When PowerPivot was released with Office 14 and SQL Server 2008 R2 we experienced a massive lowering of the entry point for Microsoft BI. With PowerPivot, Microsoft self-service BI had become a reality and even in its first incarnation the product was better than most (arguably all) similar products in the market for personal insights. In addition to PowerPivot's usage for personal insights it was deeply rooted in SSAS architecture which traditionally serves some of the team and corporate workloads.
Speaking for the community we knew that Vertipaq (the PowerPivot powerhouse in-memory engine) would come to power the higher end workloads of BI (namely corporate workloads). What we did not know was:
1. How Vertipaq would be implemented to power corporate workloads
2. What the transition strategy would look like?
3. What workloads would qualify for the new vertipaq corporate solution?
4. What would qualify for the traditional UDM data model and what would the future of UDM be?

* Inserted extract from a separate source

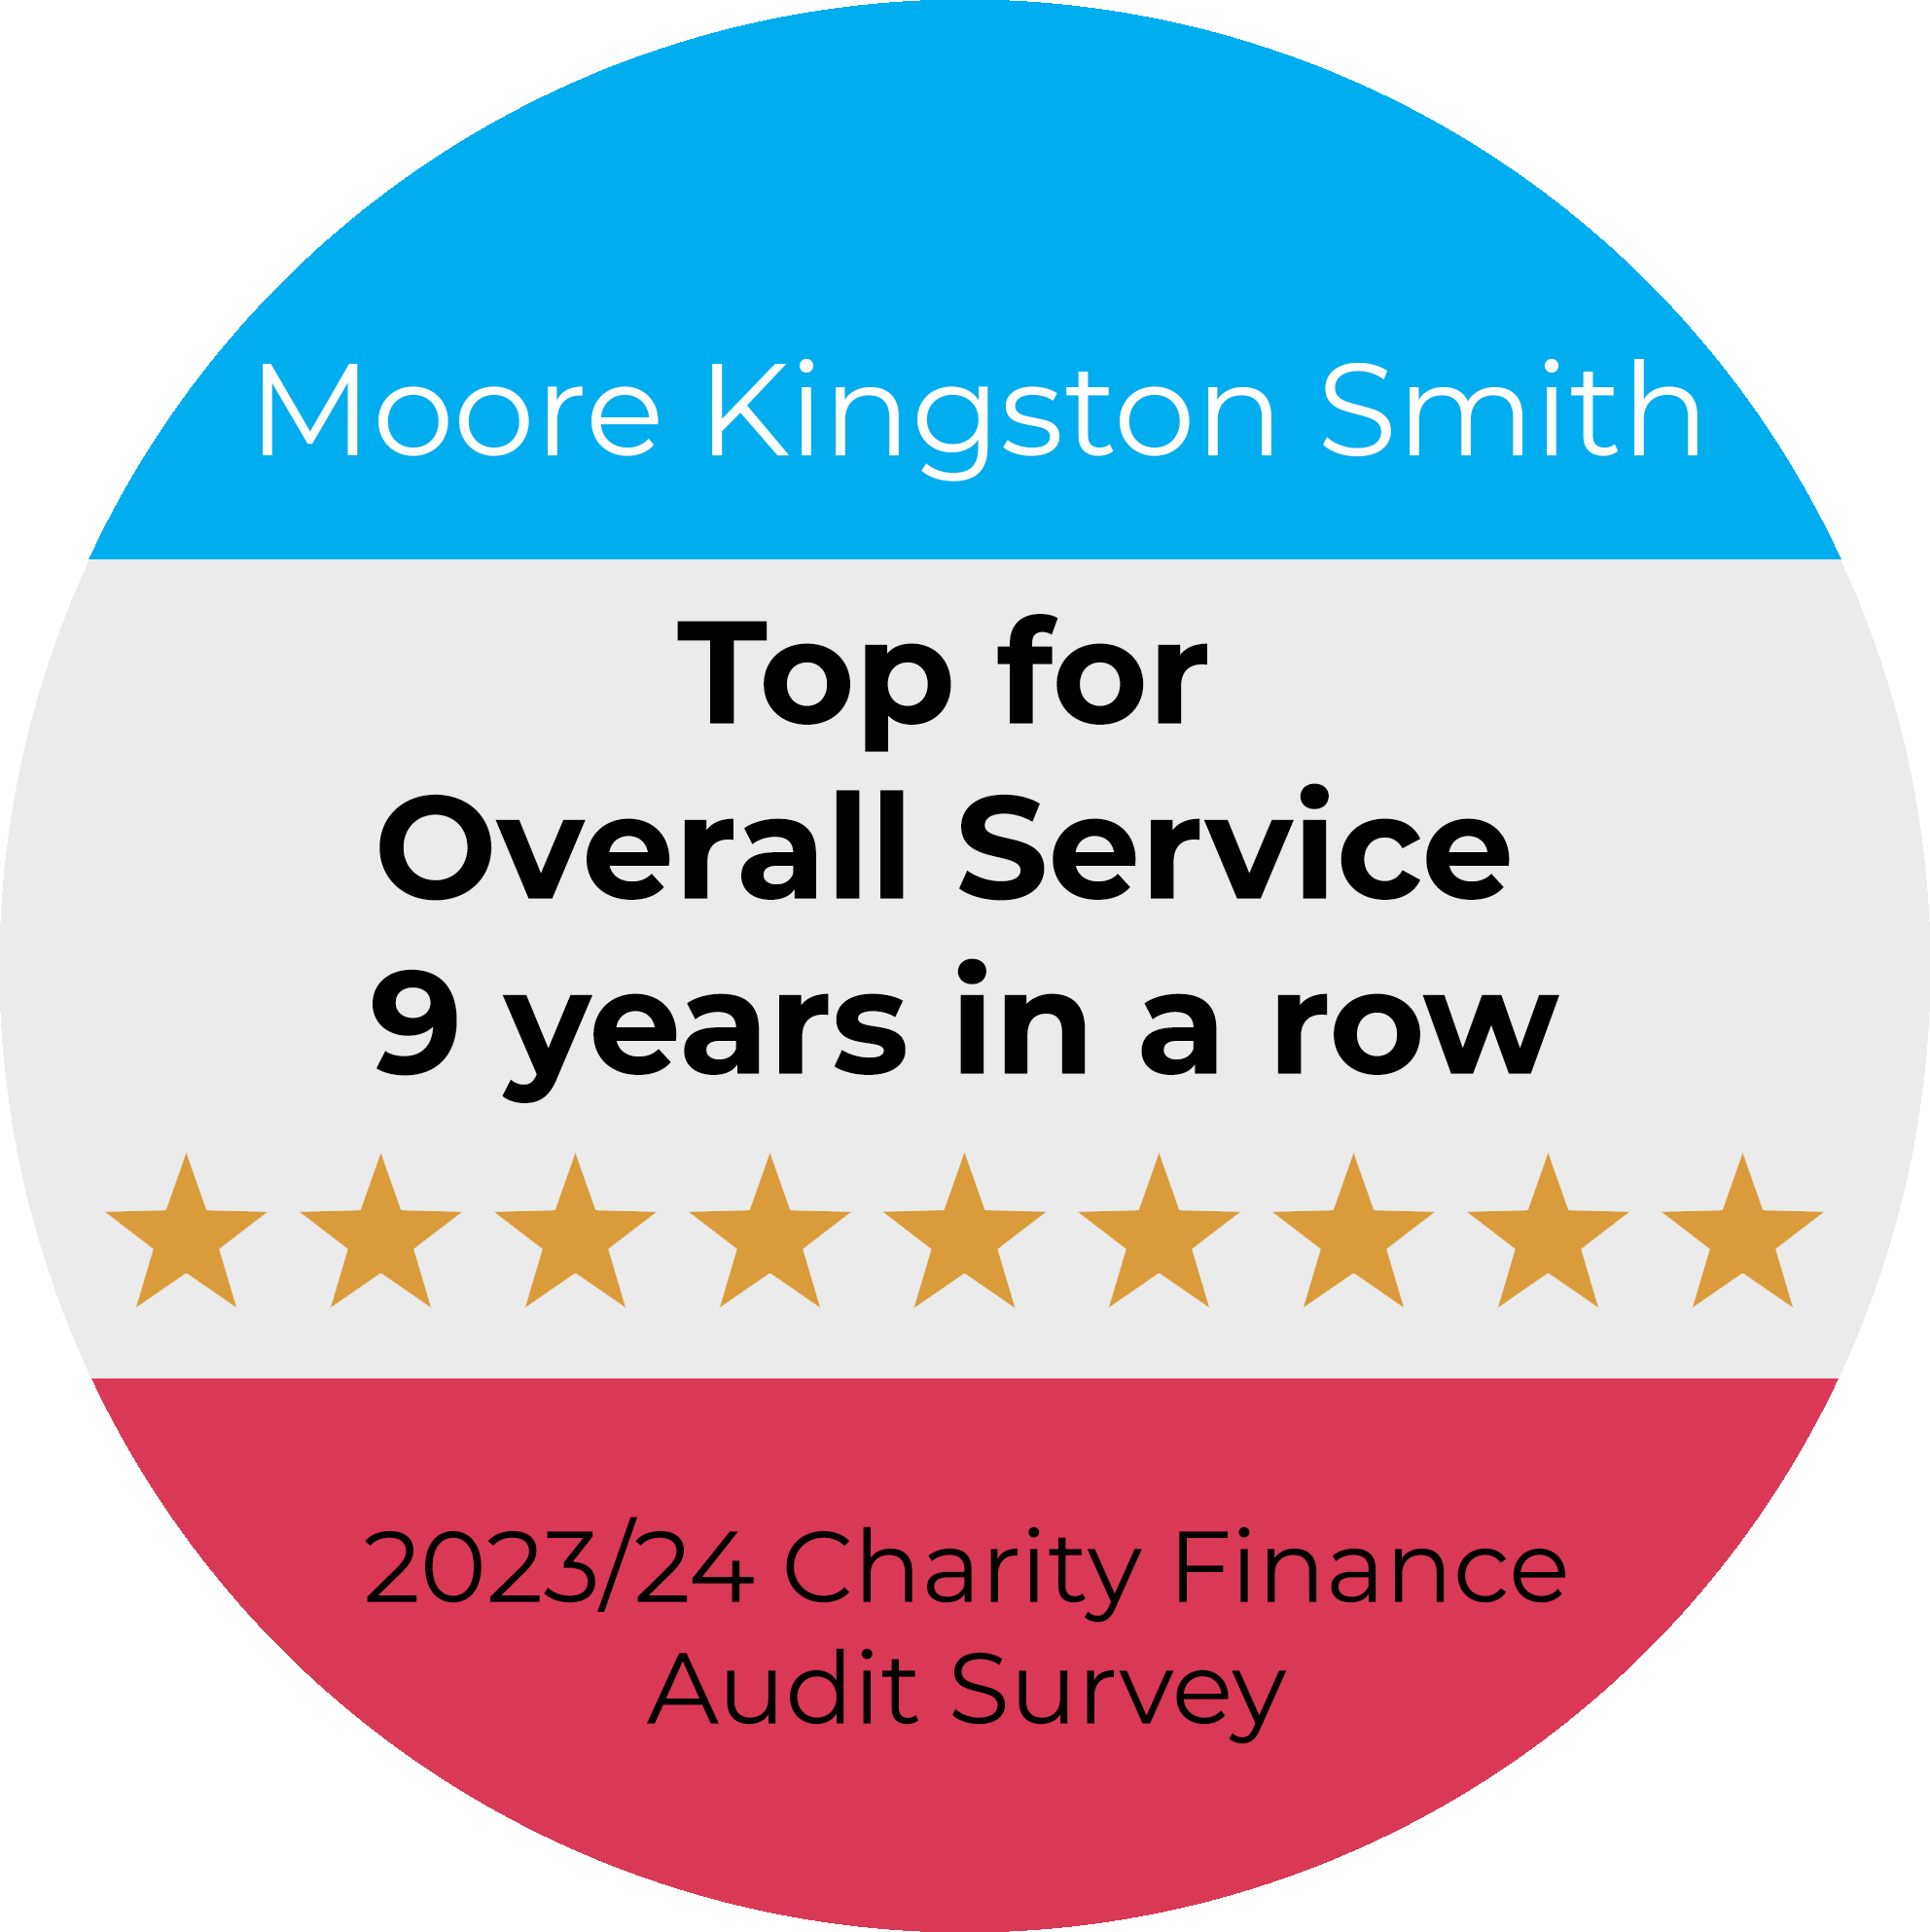 Top for Overall Service for charity finance services

After reading this large post you will know the answers to these questions plus hopefully a bit more. With the recent announcements made at PASS last week we are now about to see the 'BI for the masses’ mission advance yet again with SQL Server 2012 (formerly code-named "Denali").
Before I go into details about the new announcements it helps to review what we call the BI Continuum and how the SQL Server 2008 R2 technologies map to the continuum.
Before I go any further it will help you if you understand the big differences between the 3 kinds of models. Relational models you are probably all familiar with (this is a key driver for How you model in BISM); relational models are built using concepts such as tables, relationships, rows, and columns. Multidimensional models are built with concepts such as dimensions, cubes, and hierarchies. And last but not least Semantic models are logical abstractions from an underlying physical model that present information from a user’s perspective.
A few more prerequisites that are good to cover include:
1. Traditional SSAS models are built with OLAP concepts are referred to as SSAS UDM (Universal Data Model). MDX is the query language used to query and extend these models.
2. The SQL Server Denali BISM models (which I will describe in detail within this post) are referred to as SSAS BISM (Business Intelligence Semantic Model). DAX is the query language used to query and extend these models.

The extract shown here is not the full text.